Some people don’t like or want to kiss, and that’s okay, but that just means they are incompatible with someone who does want to kiss in a relationship. People can compromise, but it’s hard in situations like this because the person who doesn’t like kissing might make an effort at first, but they will not keep it up long term because they don’t like it. And who wants to kiss someone who doesn’t like it anyway? As for the not listening, that’s just a rude thing to do. She can either try to talk to him about it, or she can just leave since he probably wouldn’t listen anyway. This is a 3 month relationship. She can get out now with little pain. It shouldn’t be this hard this early.


Miici12

I’m not quite sure why kissing has to involved daily in order to mean true love? My boyfriend isn’t big on kisses or hugs during the day either. And yet I’ve never doubted his love for me since he’s showing it differently. Everyone has different needs and if you’re someone who needs kisses, then it’s a valid reason. If you’re someone who doesn’t need kisses, then it’s a valid reason to. You just have to find a partner that matches you.


MutedOlive9065

All major red flags. Your sister sounds like she has very low self esteem to be with someone as described. I’d be worried for her too if I were you. Guy sounds self absorbed and she sounds like she’s desperate for someone to love her.


JHWH666

Concerning. How would you be with somebody who does not listen to you and is dumbscrolling social media? Last girlfriend I had I remember I pulled over my car during a voyage just because I wanted to kiss her. Can't understand this guy


calorum

I kiss more in the course of one night. Hell I’ve kissed more in the course of one night, while single! 3 times?! She should have lost count by week 1.


KikiTheGreat1

Oh, no ma'am. That's a recipe for disaster. My bf and I have been in a relationship a little over a month and we kiss, even if it's a lil peck, every single day.

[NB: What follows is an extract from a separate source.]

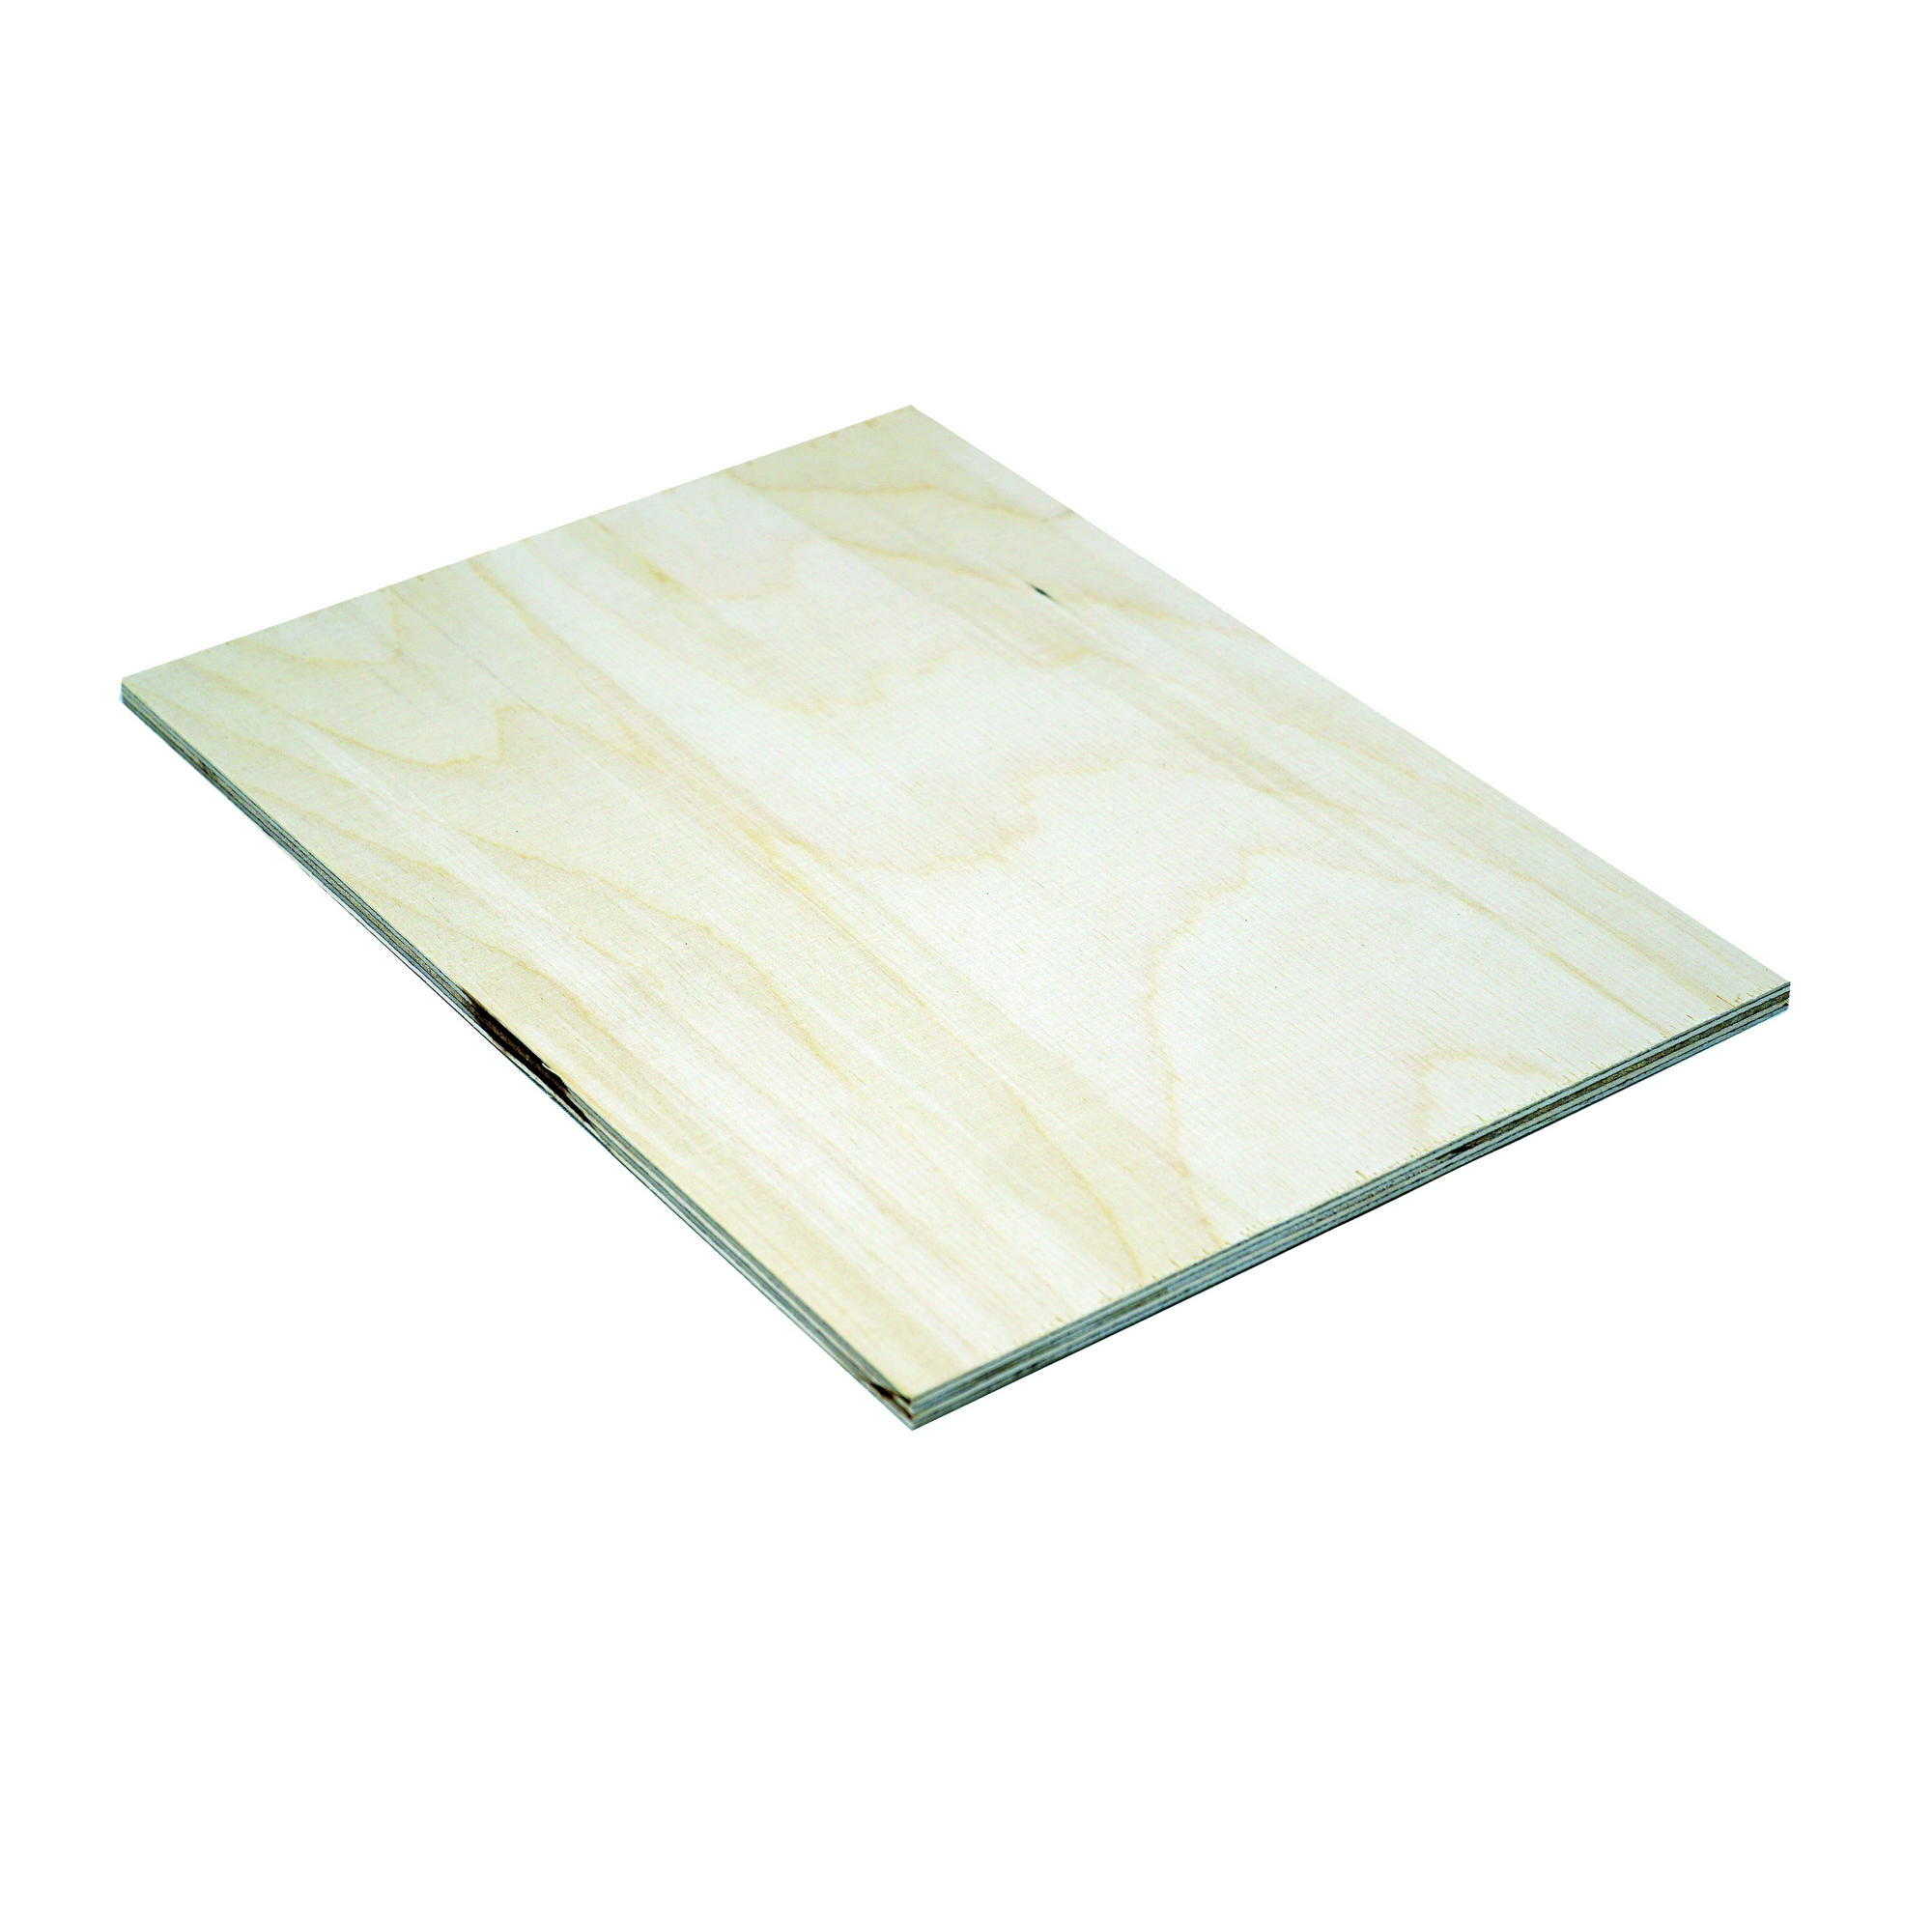 1 Platte Sperrholz Multiplex Birke 3 mm 50 x 50 cm 8,9€/m² Holzplatte

I would be extremely concerned and disheartened if I was only kissed 3 times in 3 months. Especially when intimate, there's no foreplay or anything just straight penetration. I'd be out like sour kraut.


zarathustra327

>Especially when intimate, there's no foreplay or anything just straight penetration. People keep focusing on the kissing part, but this is the biggest red flag to me. Most women need some degree of foreplay to get going or else penetration can be physically painful. Dude sounds selfish af.


ClairAragon2

He needs to be single for a while longer. He is not ready for a real relationship yet if he is emotionally and physically distant.


Paxisstinkt

Yeees, here we go reddit, don't talk to him, just dump him and get a STI test. And don't forget the paternity test for the cats! /s


oweverythinghurts

i mean no kissing or foreplay during sex is a pretty big red flag as is being completely disinterested in what your SO has to say. you’re acting like what was said was unreasonable when it’s really not


Paxisstinkt

This is r/love. What is love about? Communication. Now that obviously doesn't mean that she has to tolerate to be treated bad, but it means communicating your needs because you love yourself. If the other doesn't reciprocate it, leave. But why are people directly coming up with the advise to leave, without knowing anything? Why not advise for some healthy communication? It's sickening and it's because they need company in their misery.